A friend of mine noticed that Philippine ISPs started to hijack connections to certain websites and they are also using a fake SSL certificate. If a user choose the option to continue despite the warning about an invalid SSL certificate, they will see a Philippine government warning and the related Republic Act explaining why they–our ISPs–are hijacking our connection.
Let’s take a look at an example.
MediaFire is a popular file sharing and cloud storage. A file sharing and/or cloud storage service by itself is not “evil” as most governments, politicians, and the corporate world is painting it to be. Unfortunately, as with all services and technologies, there are people who use it for “evil purposes”. This was the basis for the Philippine government [supposedly] ordering Philippine ISPs to hijack the connection to MediaFire, as shown in the screenshot below.
Based on the message shown in the screengrab above, MediaFire
is a suspected child sexual abuse or exploitation material (CSAEM). They then explained that they will
initiate decryption of traffic for possible CSAEM content and block access as mandated by Republic Act No. 9775 or the Anti-Child Pornography Act of 2009. In other words, they admit that your connection to MediaFire was hijacked and their all-seeing eye is watching you closely.

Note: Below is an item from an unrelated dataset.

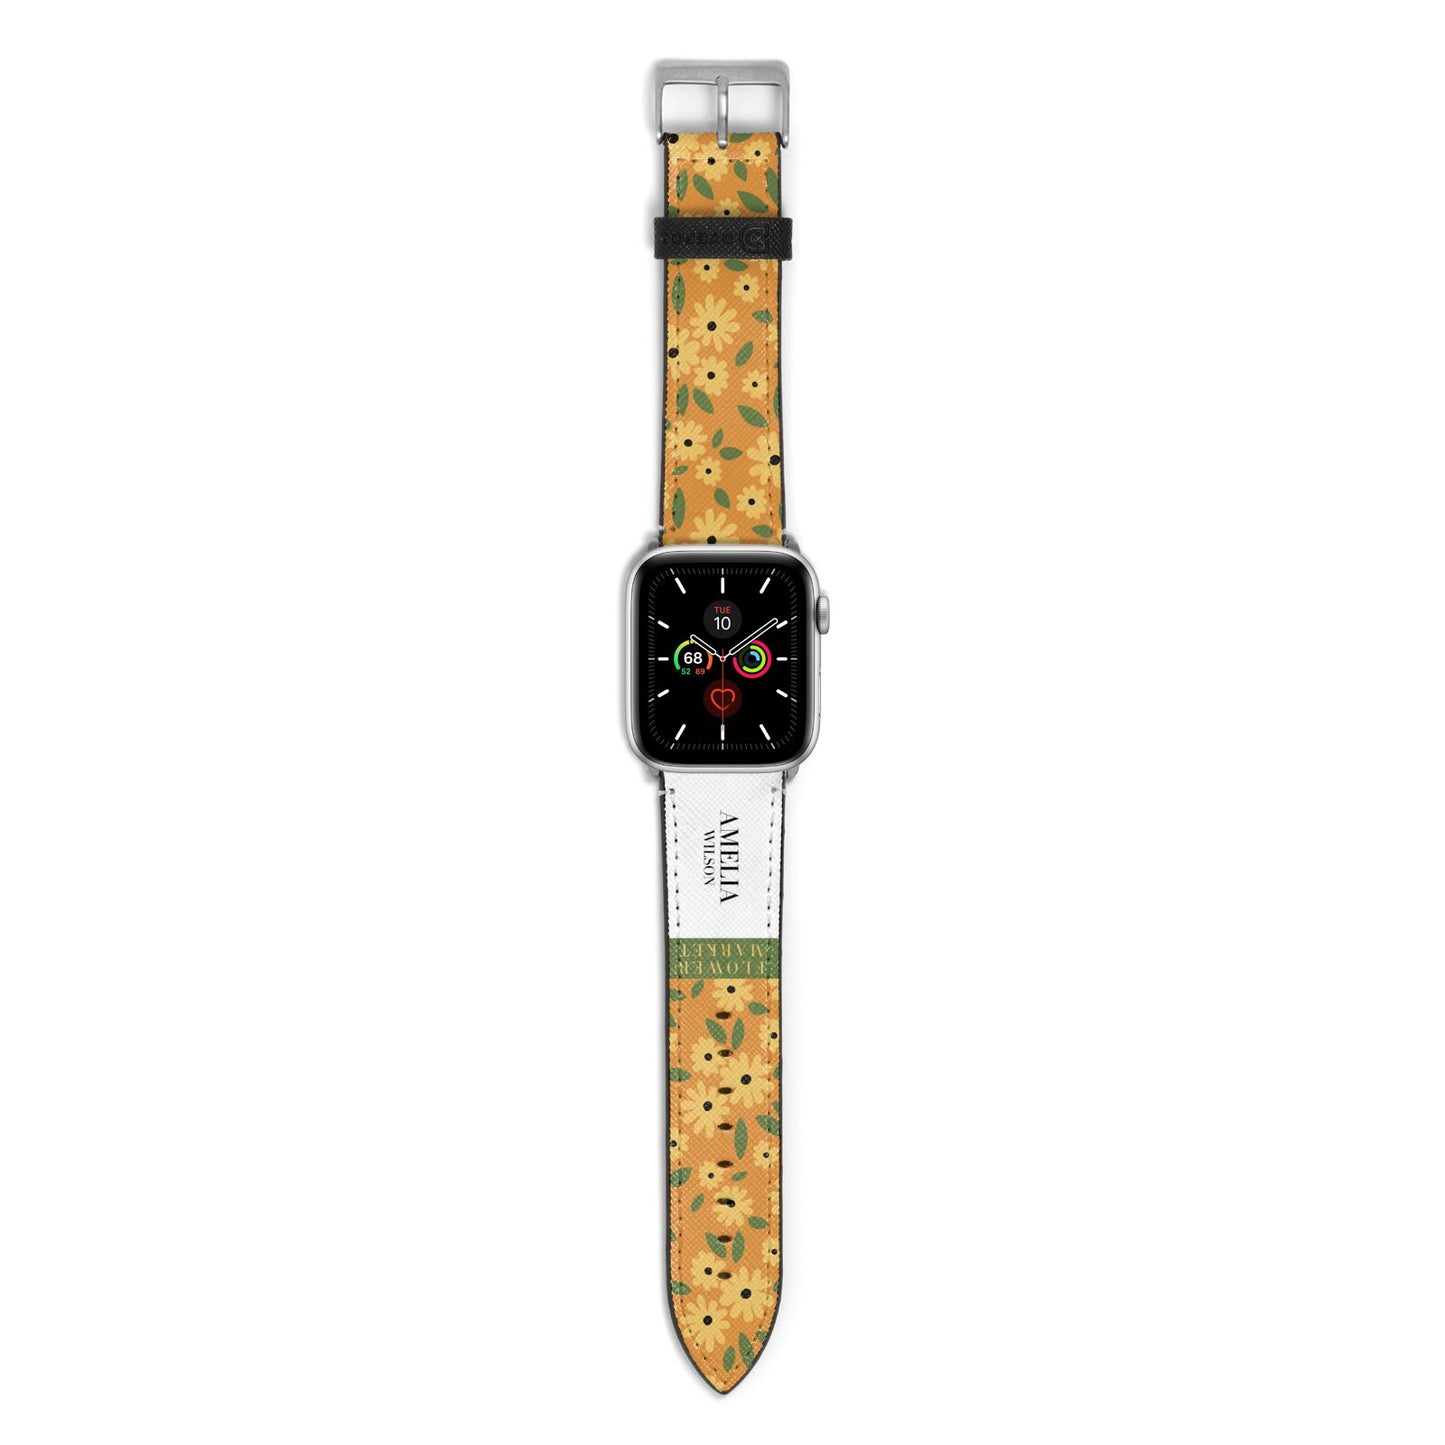 California Flower Market Apple Watch Strap with Silver Hardware
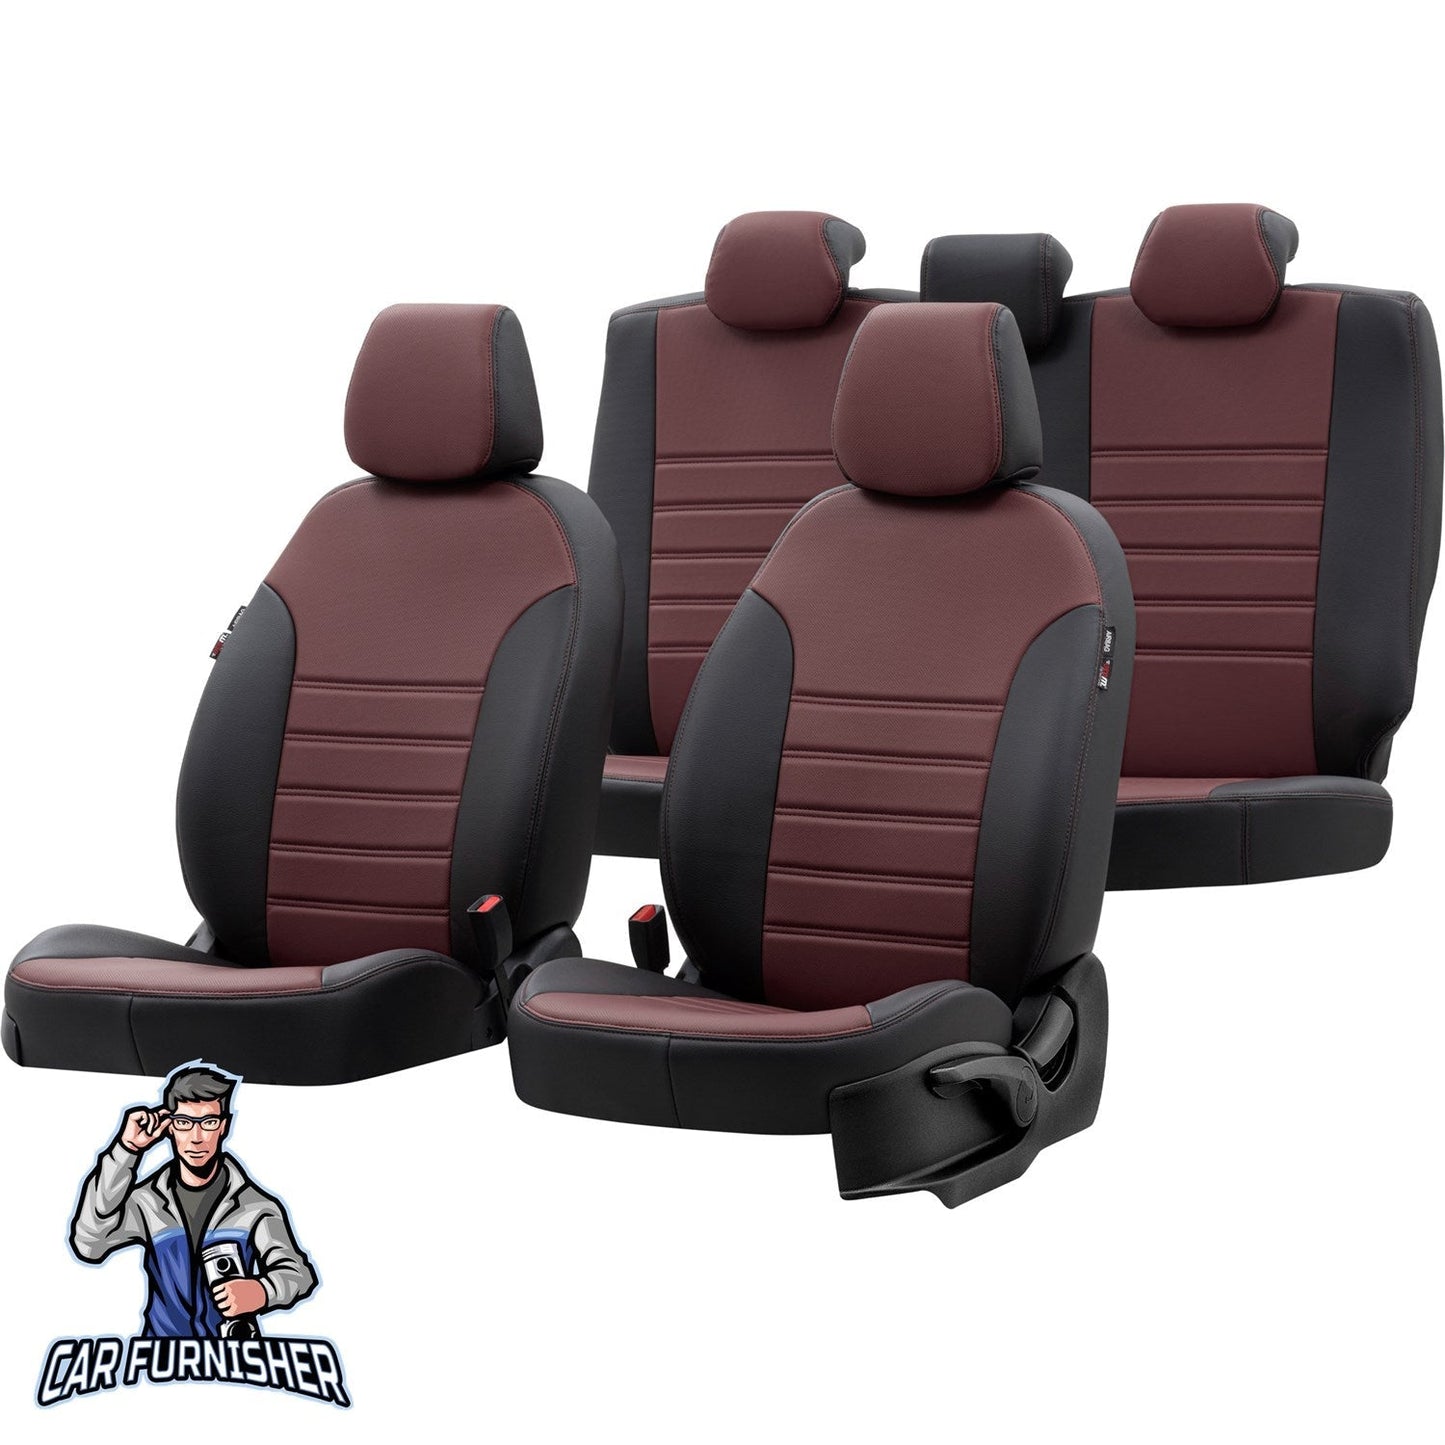 Suzuki Baleno Seat Covers Istanbul Leather Design Burgundy Leather

This is a very bad reality. There is now no doubt that all it takes for Philippine ISPs to intercept our Internet connection is an order from the Philippine government suspecting services and websites of CSAEM and/or whatever other laws they can use to justify breaking the privacy and security of the people.
Google Drive, OneDrive, and Dropbox, probably does not have “illegal content” because they can police their users. But you have to ask the question, how? Could it be they can read all the files uploaded to their storage? We will never know but at least one of those mentioned admitted that they do (it’s even in their Terms).
It is understandable why they are doing this, no good person would tolerate child abuse and child pornography, that is a line no sane human being should ever cross. However, the way they are doing this policing is never acceptable, this is a clear violation of the user’s privacy and hijacking connections is a clear act of compromising the user’s security. No one can guarantee what these ISPs will do with the data they can see. They usually can not be held accountable if one of their “trusted” employee leaks confidential information he or she saw while searching for CSAEM materials. It is easy to say they will never do anything else other than to watch out for CSAEM but clearly, all it takes is a government order and we will never know what they are doing with all the other data.
We all know that we can never trust ISPs, government order or not, so let this be a lesson for everyone in the Philippines: encrypt your files before uploading; and use only services which offers end-to-end encryption; and always use Tor (The Onion Router) or better yet a highly reputable VPN. Our privacy and security matters.
MediaFire was also informed and they are looking into addressing this.